While watching his brothers break horses, Stanford developed a horse-gentling method that earned a renowned reputation as both effective and non-violent, what he called “finding your center.” He worked with a center line—a suspended rope in the middle of a training ring. Once a horse’s halter was attached to that ring, the only place the horse could stand comfortably was under that center line. If it left the “center” place, its head would be pulled upward, an awkward and uncomfortable position for the horse. After a while, with lots of noisy, active attempts to escape, the horse would finally stand calmly under the suspended rope—it had found its center.

 

Perhaps the most important aspect of this method is that Stanford allowed the horse to find this calm place on its own. Remember Pema Chodron’s words; don’t spin off. However uncomfortable or distracted one is, or determined to escape from a situation, the ability to stay in one place or with one’s thoughts is the key to finding the center, the calm. It is where edginess, anxiety, a sense of overwhelm, or otherwise feeling off kilter is transformed.

 

It is where the edge becomes a ledge—a resting place, a sense of being able to gather one’s self and stand, centered, in the eye of the proverbial storm. It is a place where whatever “war” is going on inside or outside of yourself, perspective and clarity can once again be accessed.

 

As I mentioned, I am practicing this. Practicing, practicing, practicing. Last week as I was eating breakfast and looking out the window at our pond, a dragonfly flew to the bog garden and landed on the tip of a horsetail fern.

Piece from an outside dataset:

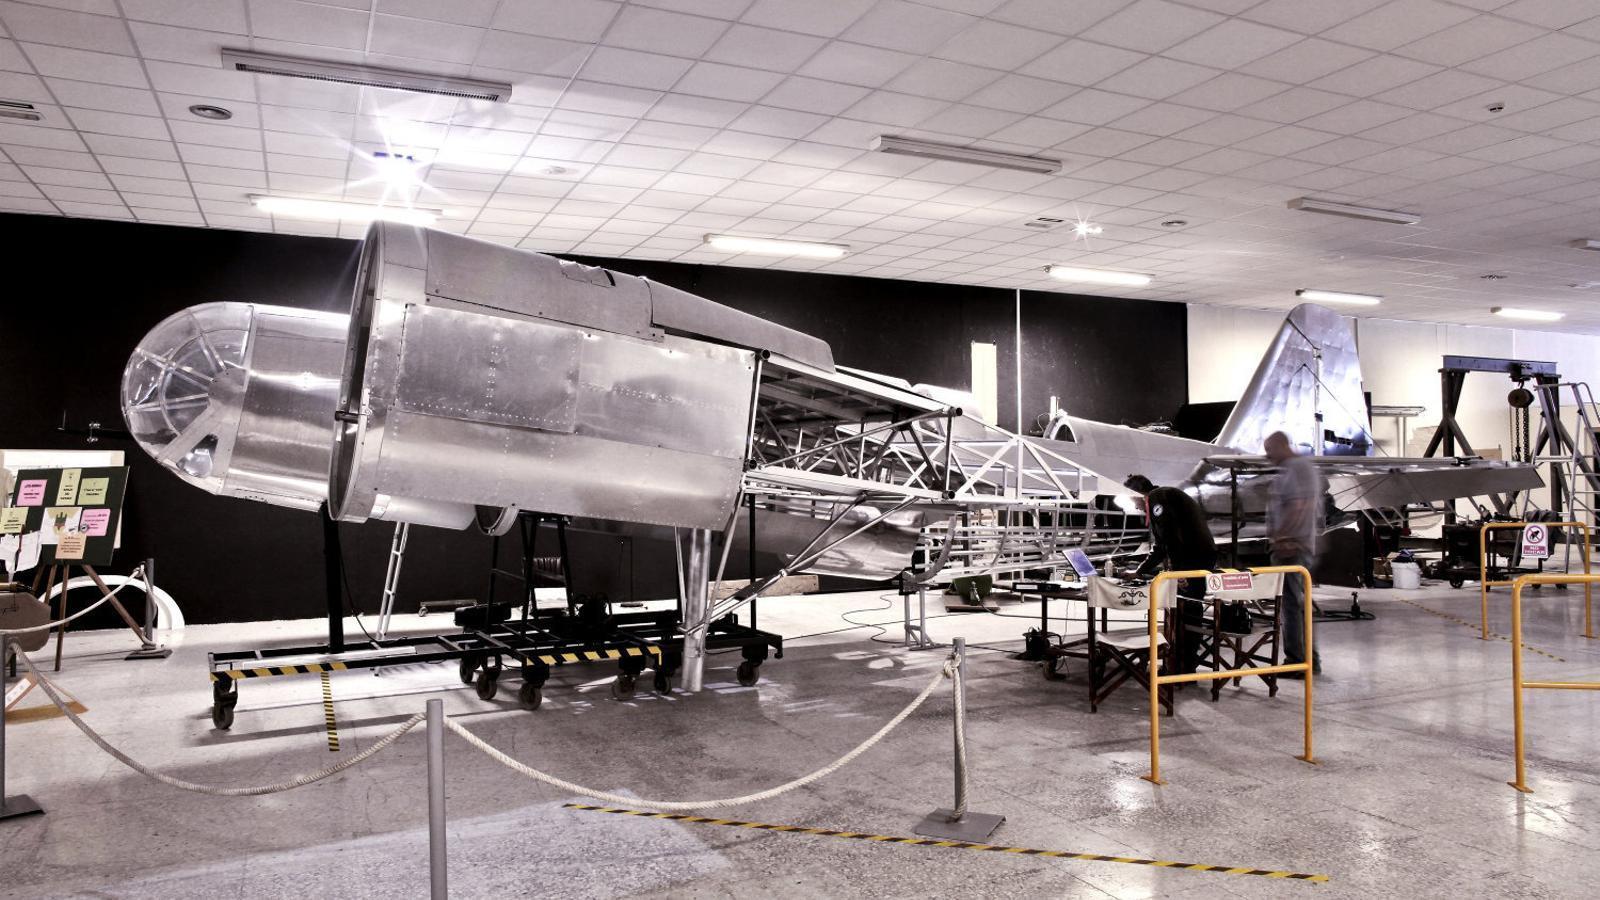 Al Centre de l'Aviació Històrica, que gestiona José Ramón Bellaubí, és fascinant veure com treballa en el Tupólev SB, Katiuska, un avió d'alumini polit i brillant que sembla ben bé una obra d'art.

Then it flitted out over the water, and landed again on the very tip of the thin green shoot. It kept flittering off, then coming back. Gulping down the last bite of egg, I found a pen and a scrap of paper and wrote:

 

perched on the very / tip of the horsetail fern / amber-winged dragonfly / returns again and again

 

In the Native American totem animal tradition, the dragonfly signifies illusion. Staying centered, calmly collected on the ledge of things again and again, a person can discern what is true and what is illusion. What can be done now, and what needs to be put aside. Who is speaking with integrity, and who isn’t. Which thoughts are valid, and which ones are just plain unproductive. And this brings me to the third wonderful synchronistic item that appeared just a few days ago.

 

Ever heard of the band Ok Go? I certainly hadn’t, until our friend Wayne sent this YouTube video our way. The song is called “This Too Shall Pass” and the Rube Goldberg setup of the video is a perfect artistic representation of what our complicated, convoluted thoughts look like, the ones that create illusion, overwhelm, falsity, anxiety, the edge. Listen to the lyrics: …when the morning comes, when the morning comes…let it go…this too shall pass. Like the dragonfly, we can return again and again to that still point by letting go of what keeps us from the understanding that all things do indeed pass, an understanding that frees us up to take each day in stride, full of creative energy that can lead to powerful solutions and insights.


As Stanford Addison taught his horses and Lisa Jones, as Pema Chodron passes on in her book, as the members of Ok Go are sharing (14 million plus people have listened to this video), and the dragonfly fully embodies—the heart’s original position is in the center of things.